The impact of ethnicity and race in shaping well-being outcomes is mediated by other intersecting variables such as gender, age, geographic location and socio-economic status. Indigenous and Afro-descendant women, people living in rural areas, the elderly, and people with lower education or other socio-economic markers tend to be more vulnerable, with those accumulating multiple risks being the most deprived. Better understanding the intersectionality of disadvantage requires including larger samples of ethnic and racial minorities in population surveys in order to allow for a more robust analysis of groups with multiple sources of vulnerability. It is also important that data on the situation of Indigenous and Afro-descendant peoples should be analysed with an awareness of the relevant social, territorial and cultural contexts.

From a more conceptual standpoint, the Indigenous notion of well-being, as encompassed in Ecuador’s Buen Vivir framework or Bolivia’s Vivir Bien framework, puts a greater emphasis on communal relations (including relations between the community and the natural environment) and collective practices than other Western societies (Garcia and Viteri, 2018[148]).
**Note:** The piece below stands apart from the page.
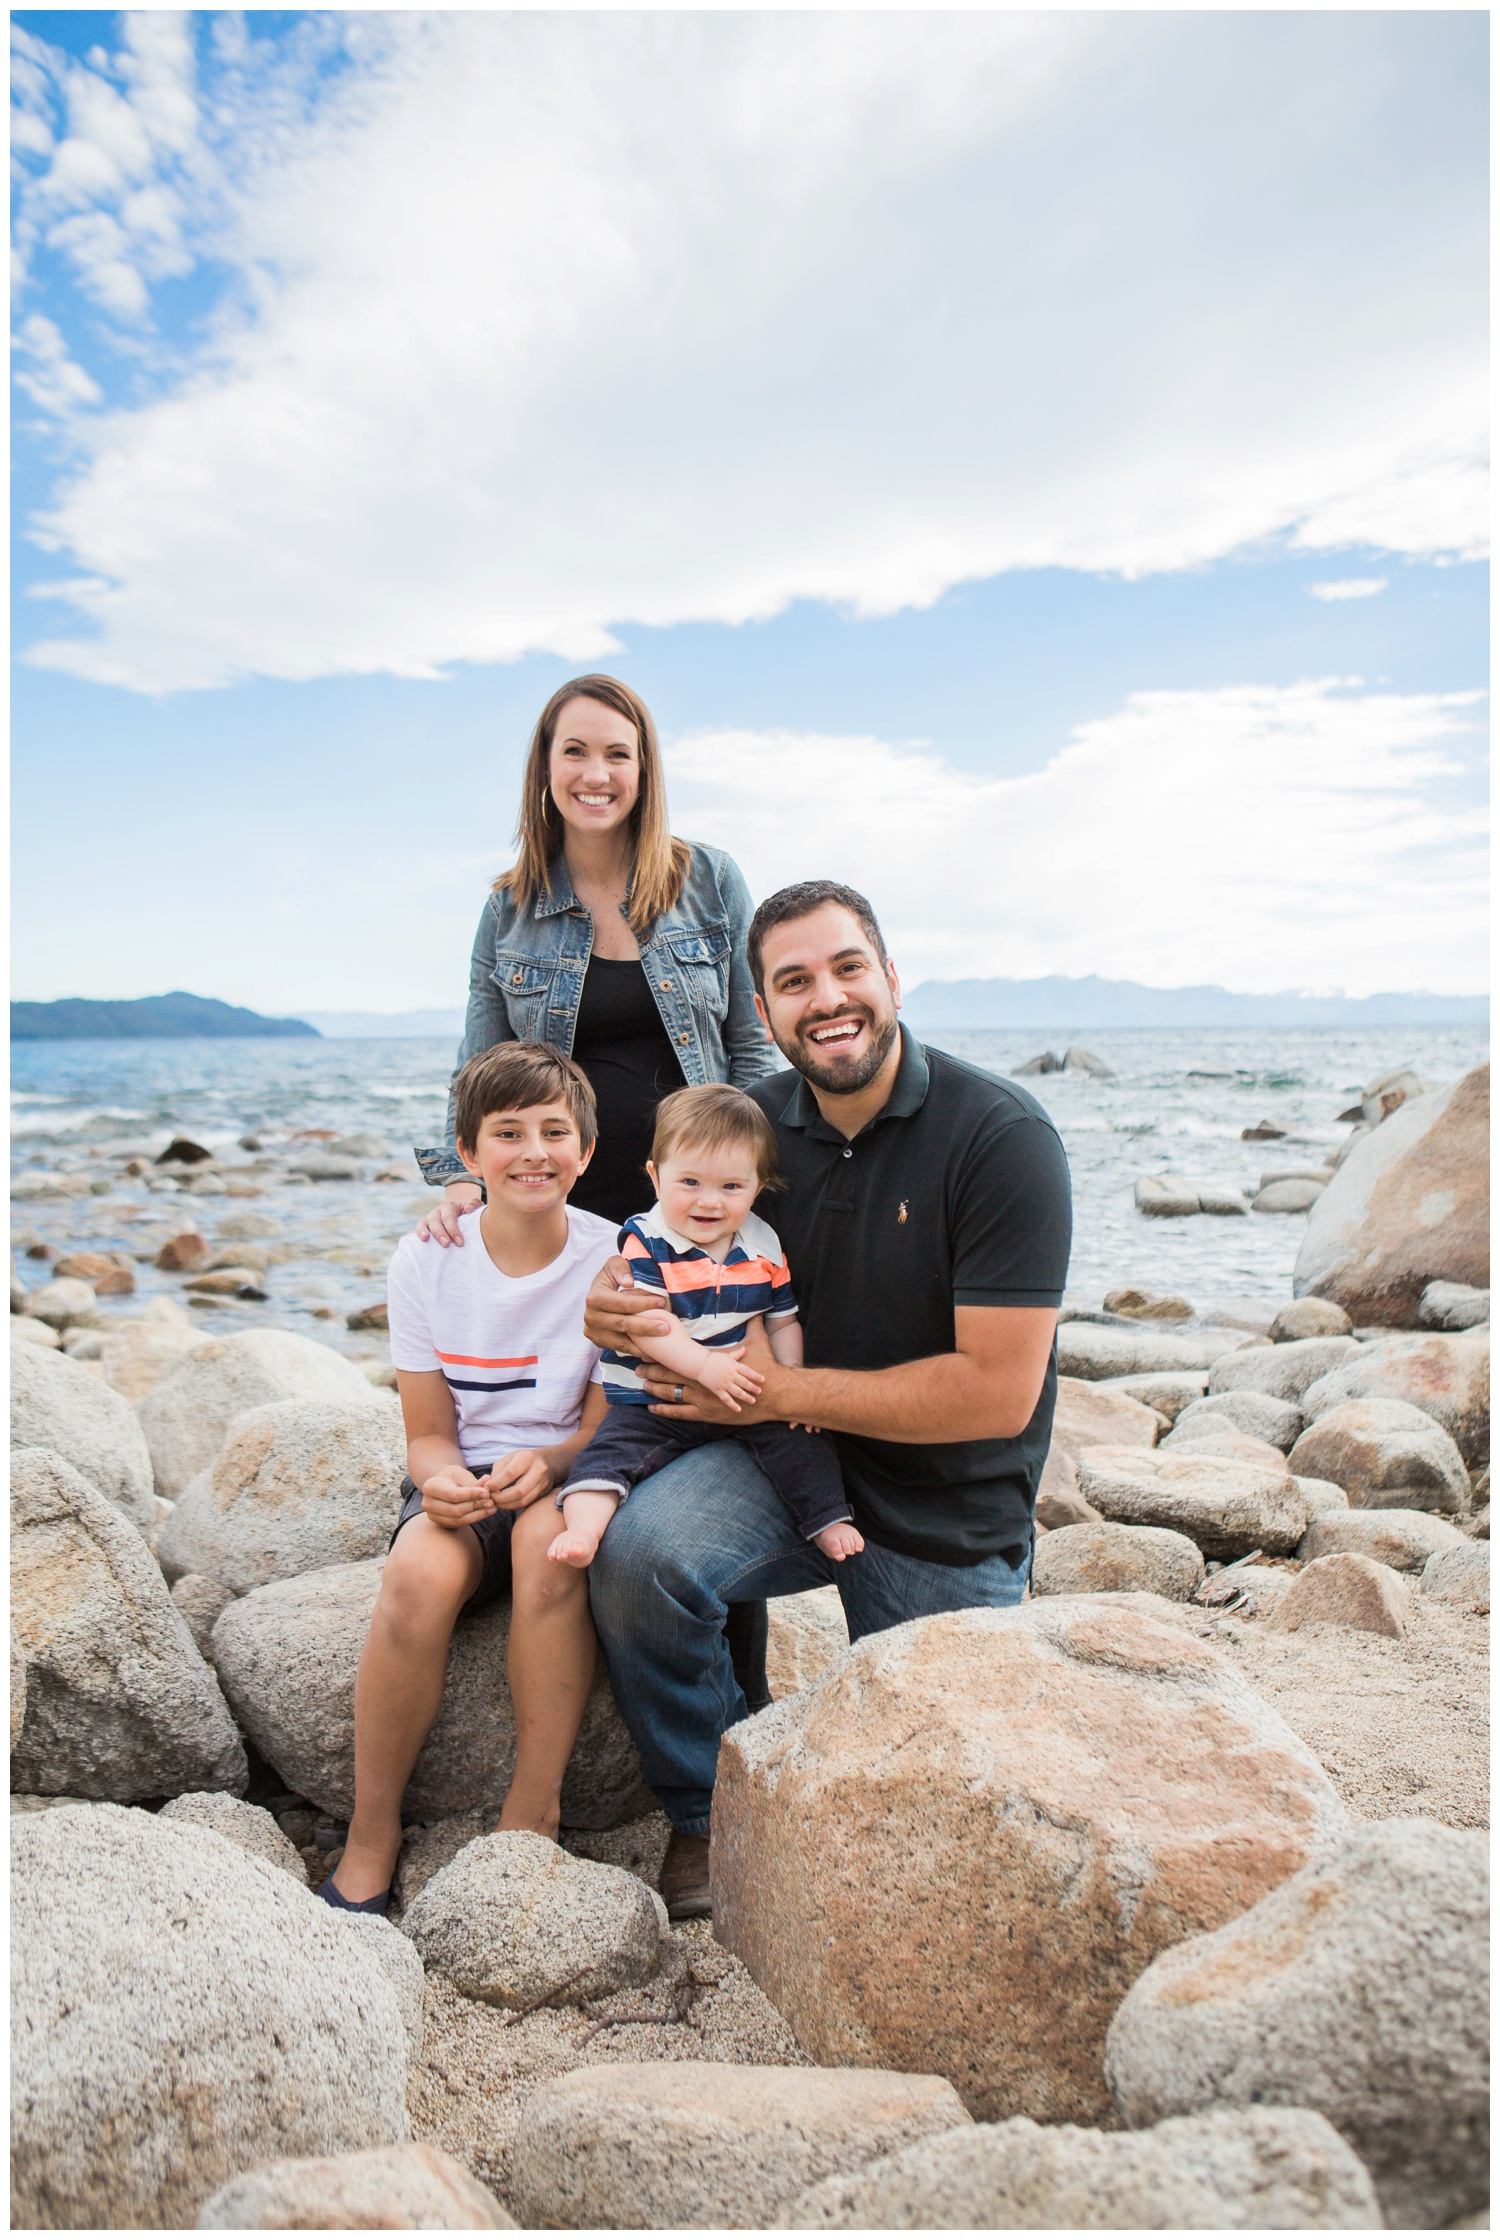 beach family pictures what to wear Kristi Gayton

Indigenous perspectives are seldom incorporated into well-being measurement exercises (although Ecuador and Bolivia are notable exceptions). This underscores the need to involve relevant communities in the process of survey development wherever possible. Incorporating Indigenous priorities would also entail a better measurement of important aspects specific to their communities such as territorial rights,32 the maintenance of language, cultural artefacts and representations, and the protection of sacred sites and traditional knowledge (OECD, 2019[149]).
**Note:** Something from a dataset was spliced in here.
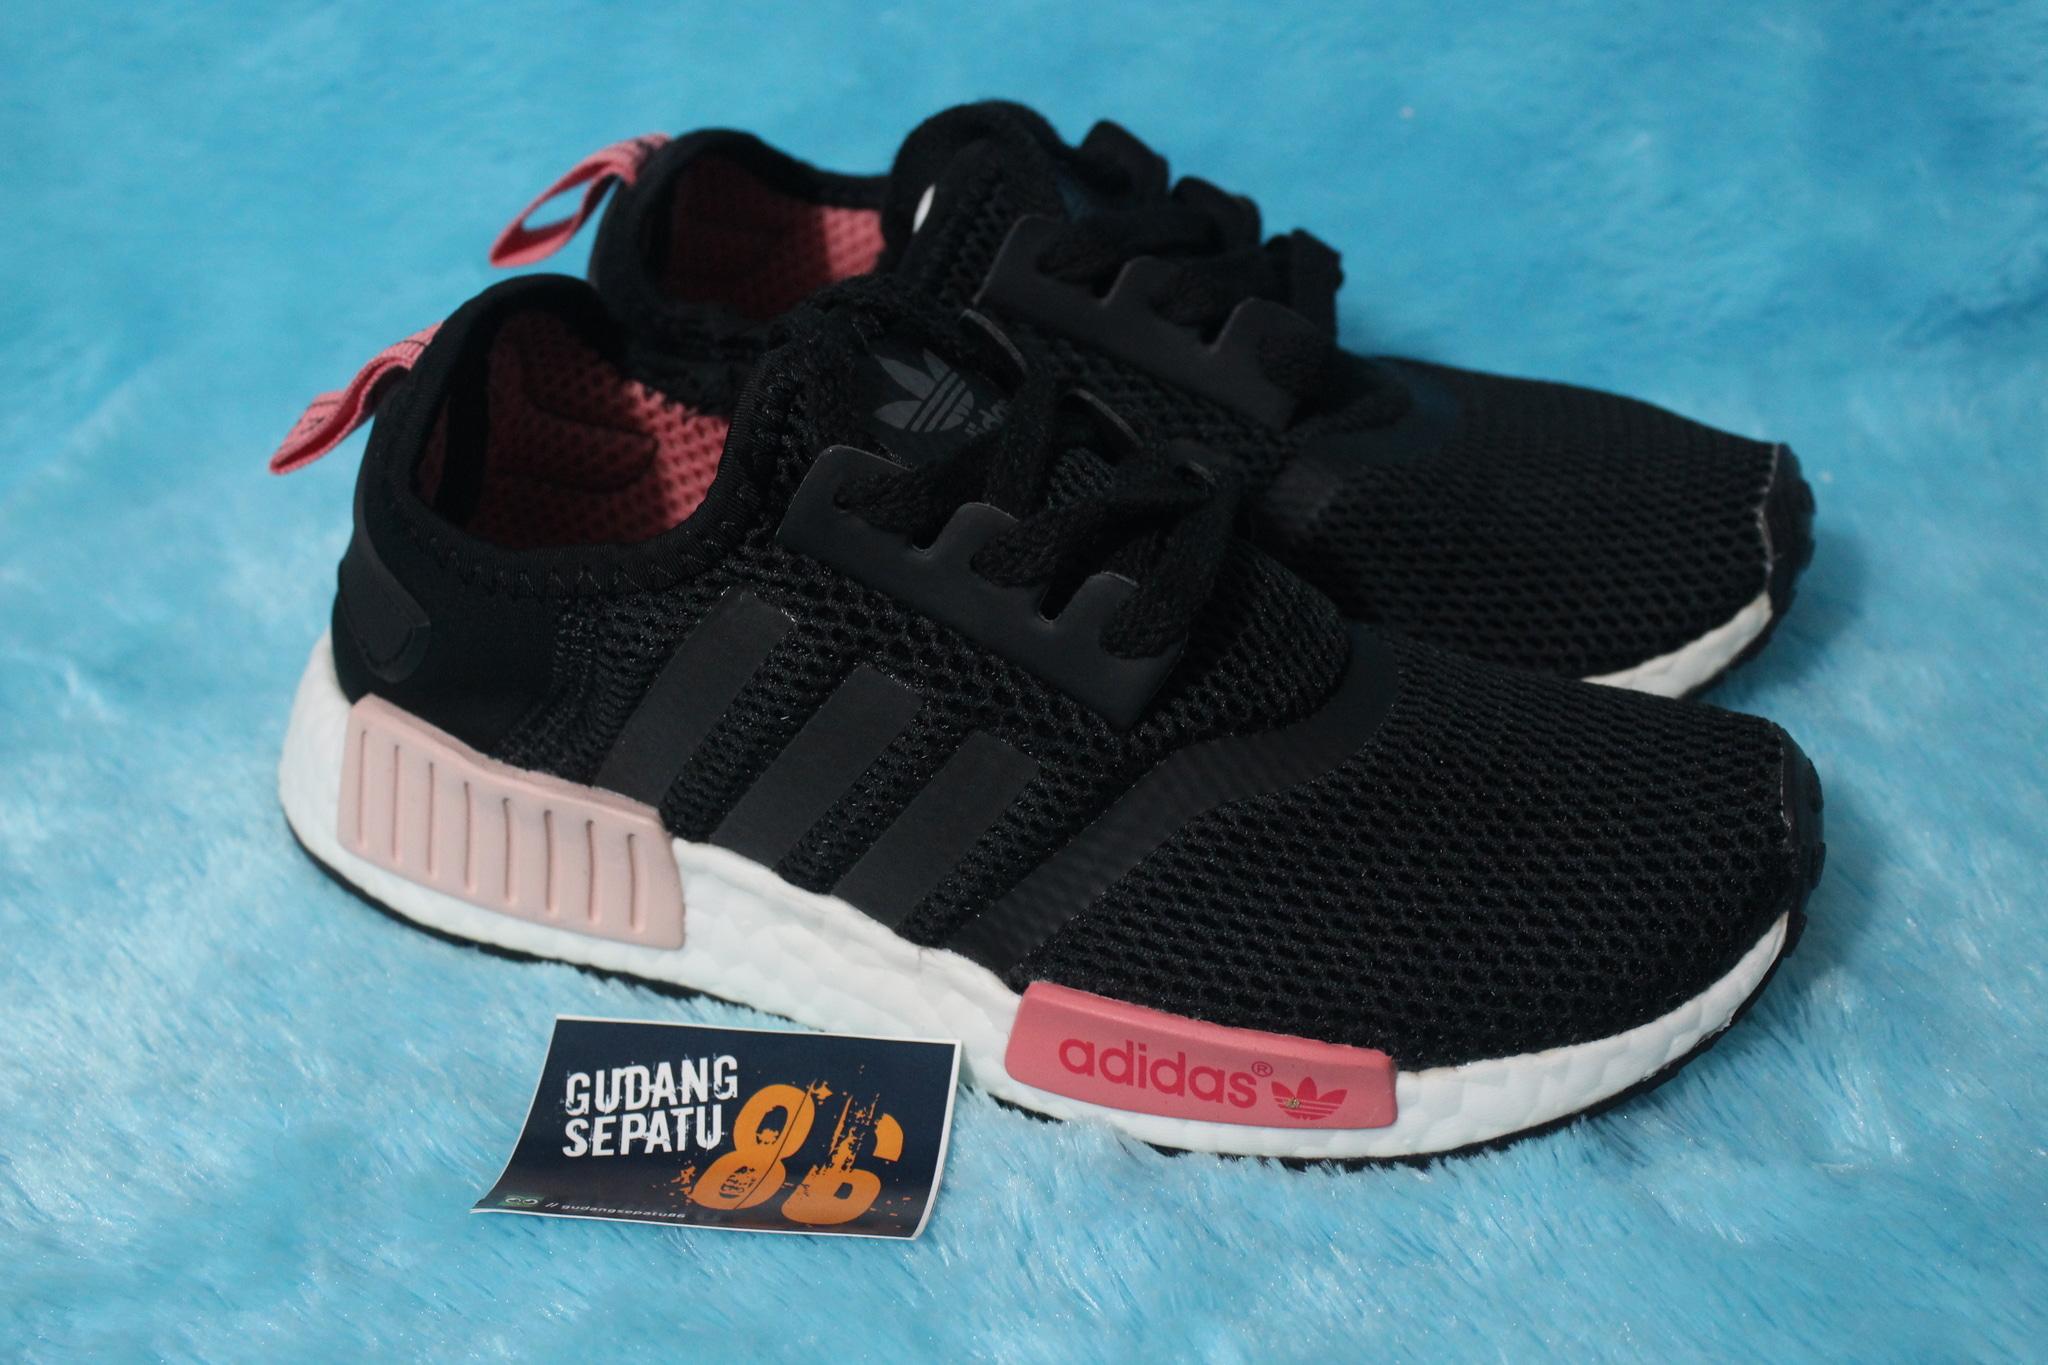 258321cb56127 Jual Sepatu Adidas NMD R1 Black Core Peach Pink Womens - Premium Quality -  Gudang Sepatu86

Education allows individuals to acquire the skills needed to understand and master the world, opening opportunities and enhancing their control over their lives (OECD, 2011[150]). Despite improvements in educational attainment, still less than half of the population in the focal countries aged 25 or more has attained at least upper secondary education, compared to more than 70% on average in the OECD (see Chapter 3).

Figure 5.28 shows performance ratios for selected well-being outcomes and resources for future well-being for people with primary education (dark blue) and secondary education (light blue) in comparison to those with tertiary education, on average across the 11 LAC countries in the focal group. To ease understanding, all indicators are coded in the same direction so that the higher the ratio, the better the relative performance of people with primary and secondary education.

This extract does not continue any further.